Other administrative posts he held were as vice-chairman of the Arts Council, and as a director of the Royal Opera House, Covent Garden, and as a trustee of the National Gallery. He was also chairman of the British Film Institute from 1964 to 1971. In 1978, he was awarded the Sir Misha Black award and was added to the College of Medallists.

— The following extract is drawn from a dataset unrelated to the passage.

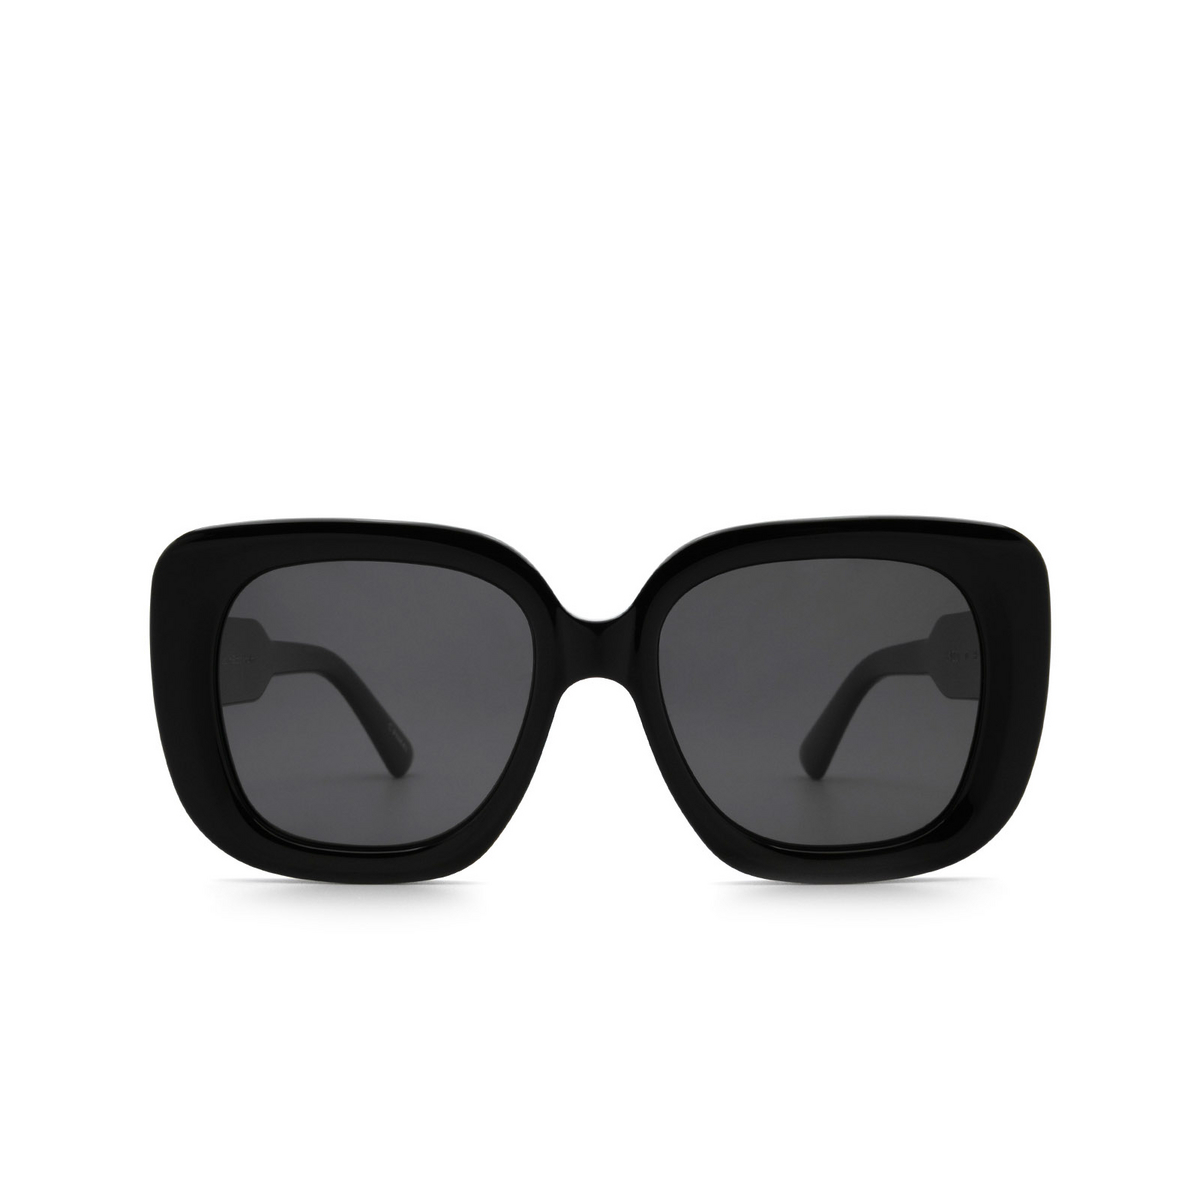 Chimi® Square Sunglasses: 10 color Black - front view.

Coldstream retired from the Slade School in 1975, and continued to paint until 1984, when his health was in marked decline. He died in the Royal Homeopathic Hospital in London on 18 February 1987.

==Personal life==
As a student at the Slade in 1931, Coldstream met and married Nancy Sharp. The marriage lasted until 1942, and produced two daughters. In 1960, he married his model, Monica Hoyer, and together they had three children, a boy and two girls. Coldstream's cousin, Nicolas Coldstream, was a leading archaeologist and academic.

==Method and works==

Coldstream was committed to painting directly from life; he once remarked: "I lose interest unless I let myself be ruled by what I see." His type of realism had its basis in careful measurement, carried out by the following method: standing before the subject to be painted, a brush is held upright at arm's length. With one eye closed, the artist can, by sliding a thumb up or down the brush handle, take the measure of an object or interval. This finding is compared against other objects or intervals, with the brush still kept at arm's length. Informed by such measurements, the artist can paint what the eye sees without the use of conventional perspective. The surfaces of Coldstream's paintings carry many small horizontal and vertical markings, where he recorded these coordinates so that they could be verified against reality. As a result of his painstaking methods, Coldstream worked slowly, often taking scores of sittings over several months to complete a work. His subjects include still-life, landscapes (usually centred on architecture), portraits, and the female nude.